[[ Given information, beginning ]]

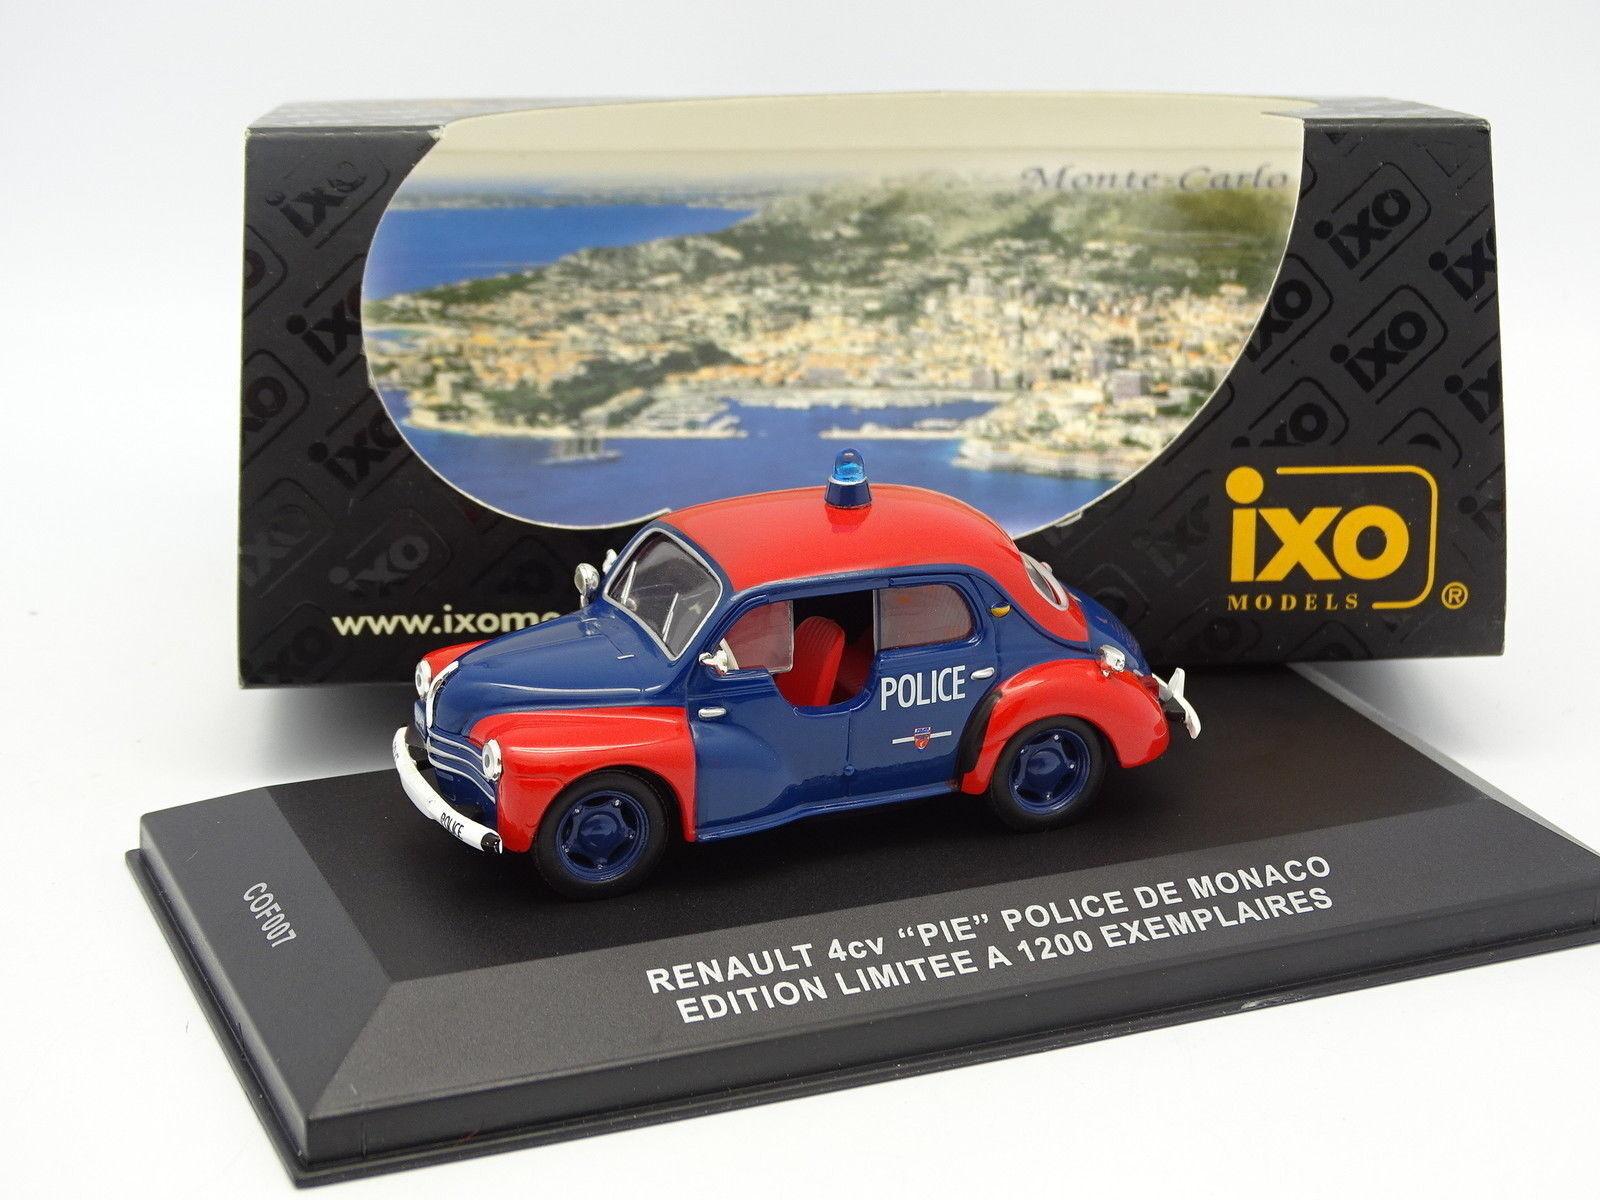 marche online vendita a basso costo Ixo 1 43 - - - Renault 4cv Polizia Pie Monaco  alta quaità
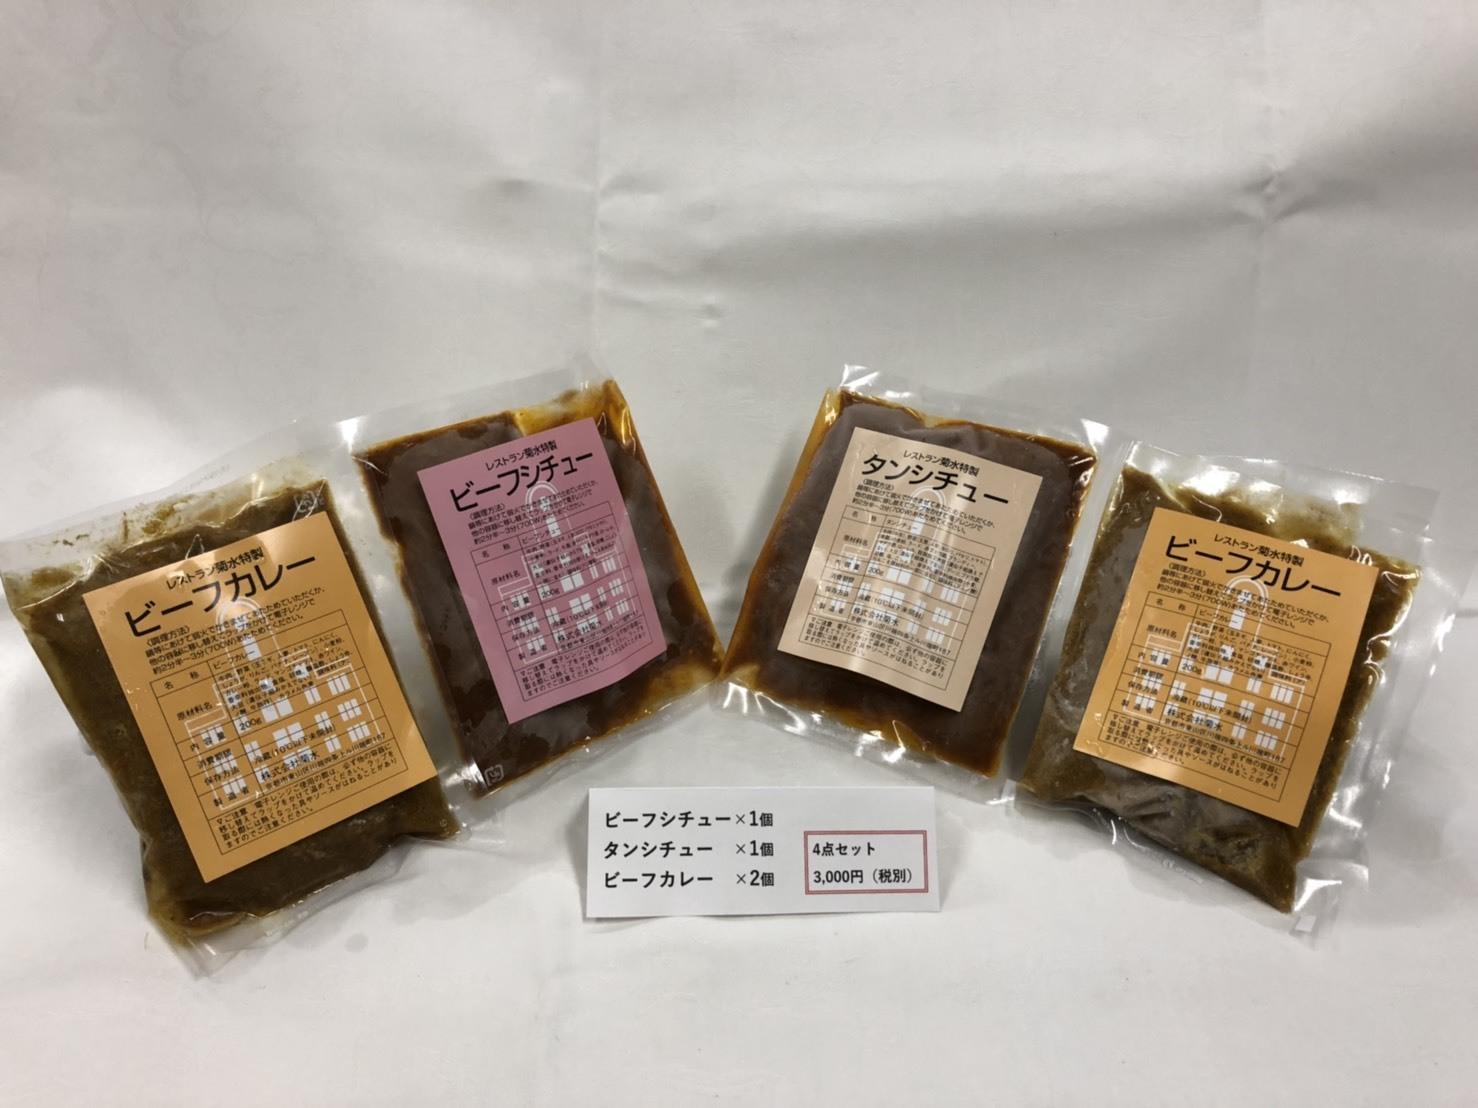 御家庭で 祇園四条大橋南座前の レストラン菊水のお味を_d0162300_19260744.jpg
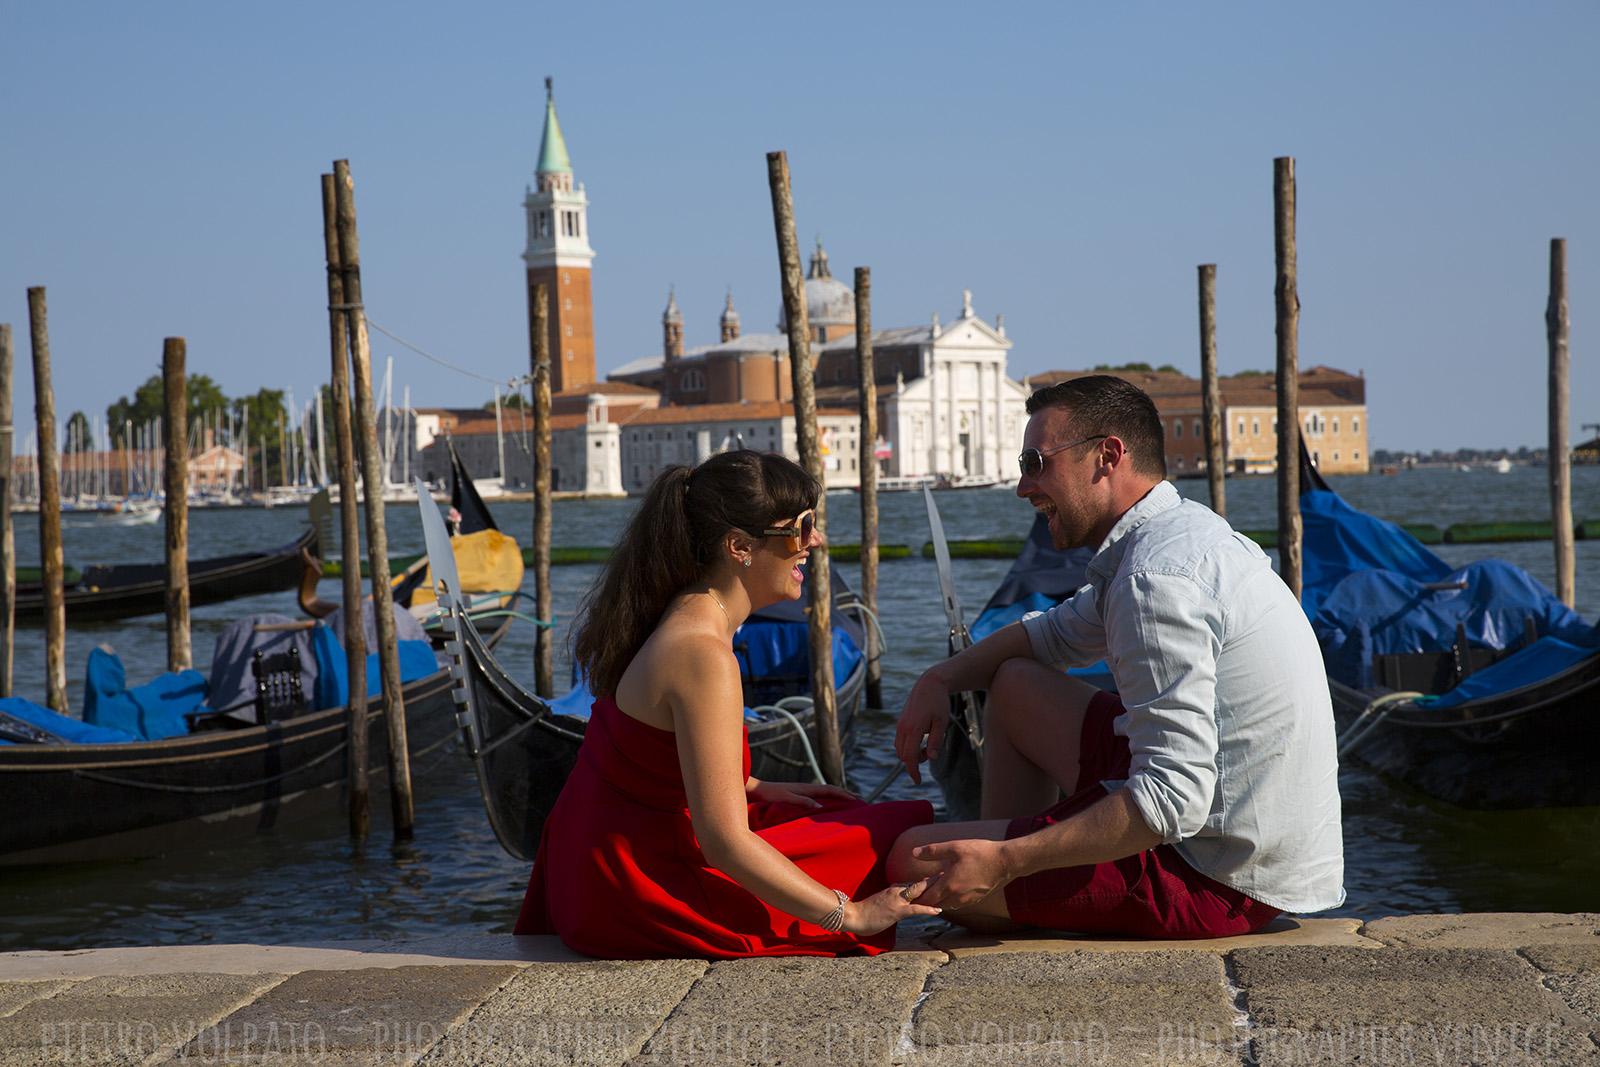 Venezia servizio fotografico coppia durante una romantica e divertente passeggiata e giro in gondola ~ Fotografo a Venezia per coppie
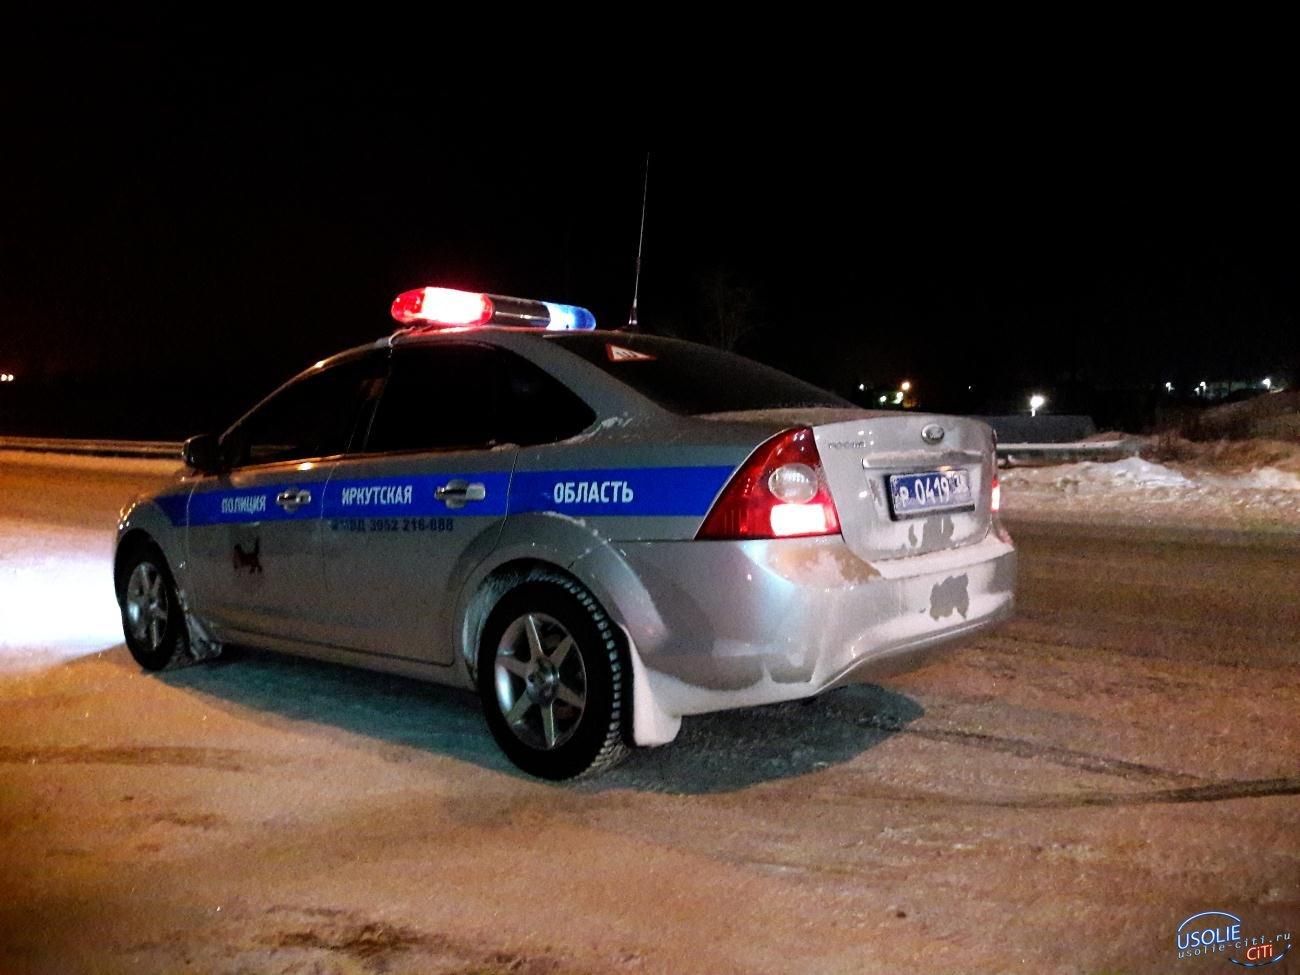 Стали известны подробности, как таксист изувечил пассажирку в Усольском районе

[[ Given information, end ]]

◆ **Exercise**: When you reach the line that contains "Venezia servizio fotografico", start copying the listing word for word and stop only after its last line, without any pictures.

◆ **Expected answer**:
 Venezia servizio fotografico coppia durante una romantica e divertente passeggiata e giro in gondola ~ Fotografo a Venezia per coppie
 Стали известны подробности, как таксист изувечил пассажирку в Усольском районе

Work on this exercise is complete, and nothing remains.